Start of Given data

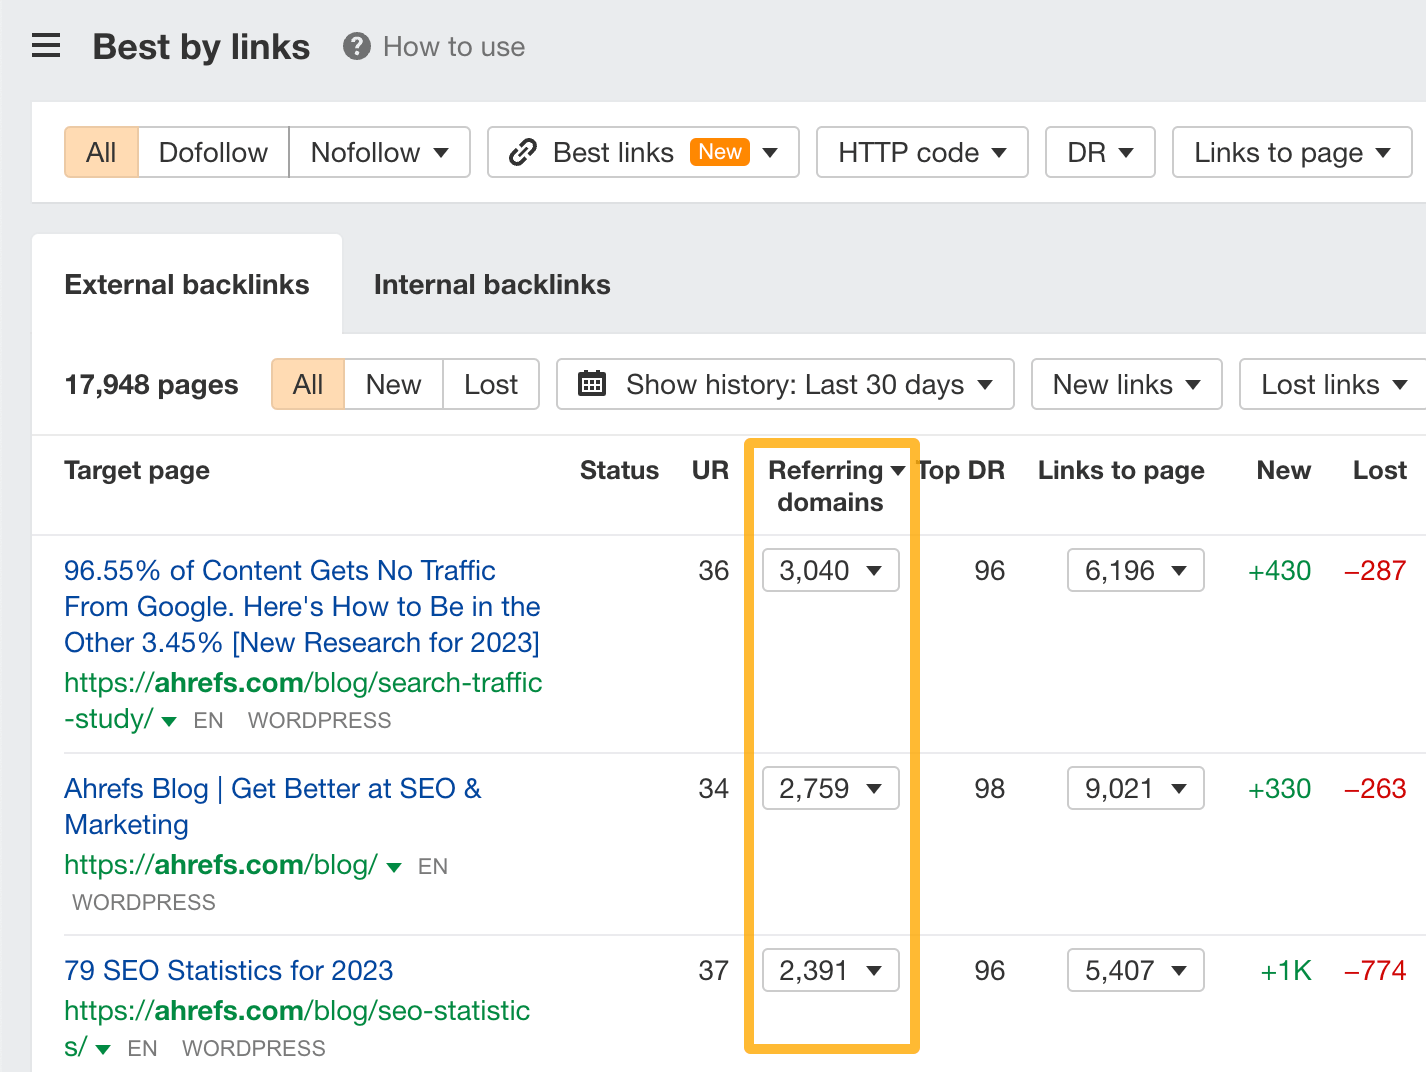 Best by links report in Ahrefs.
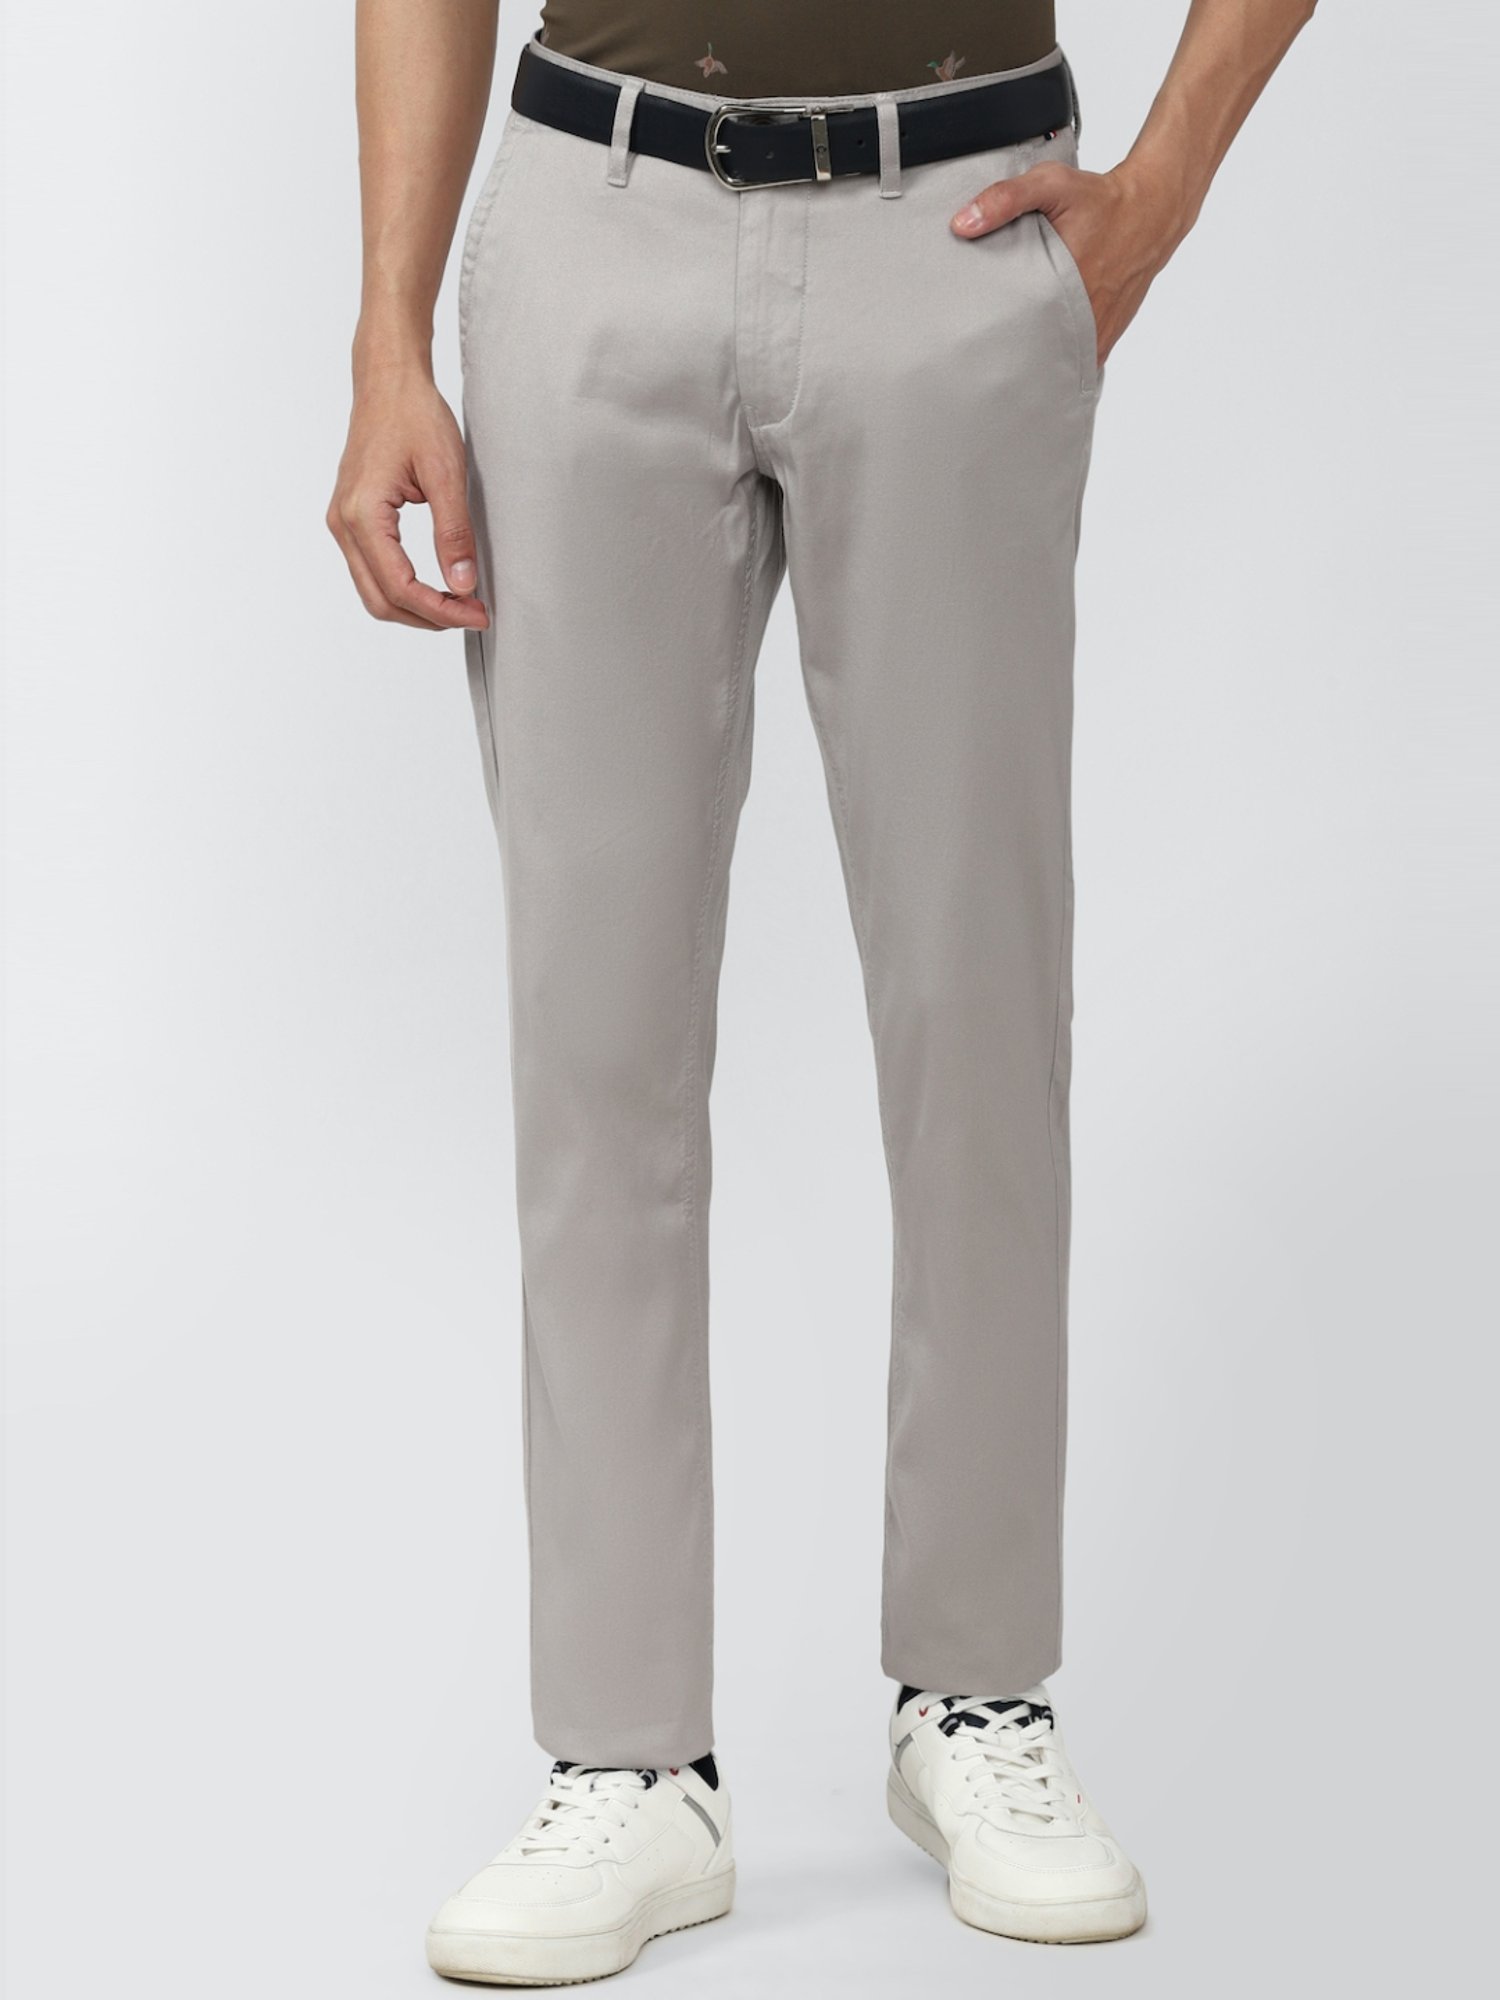 United Colors Of Benetton Casual Trousers  Buy United Colors Of Benetton Mens  Slim Fit Chinos Grey Online  Nykaa Fashion
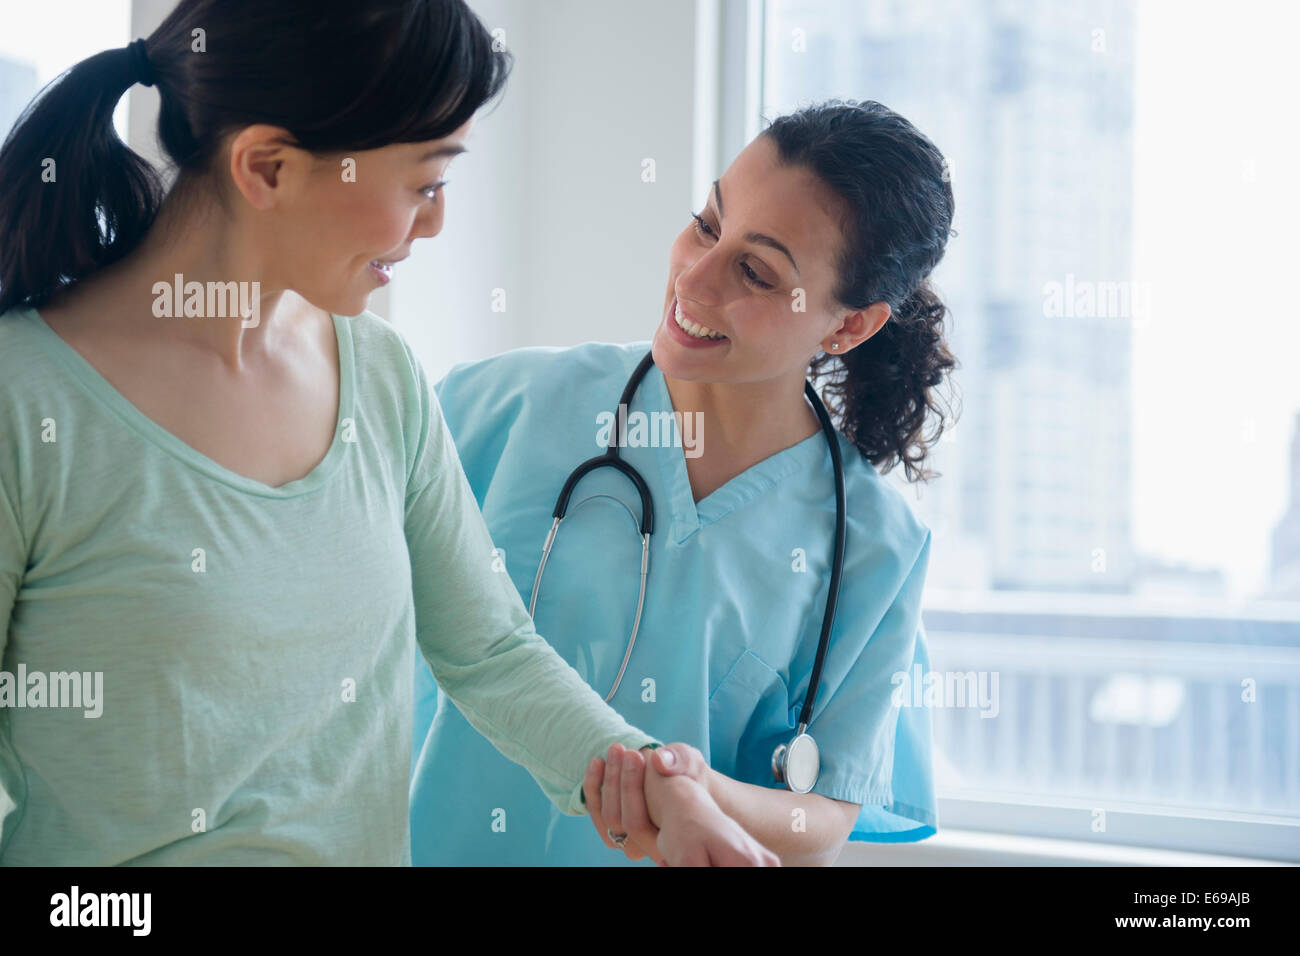 Nurse helping patient in hospital Banque D'Images

End of Given data

- [Prompt]
The listing above is to be retyped exactly, with all pictures left out.

- [Solution to the problem]
 Best by links report in Ahrefs.
 United Colors Of Benetton Casual Trousers  Buy United Colors Of Benetton Mens  Slim Fit Chinos Grey Online  Nykaa Fashion
 Nurse helping patient in hospital Banque D'Images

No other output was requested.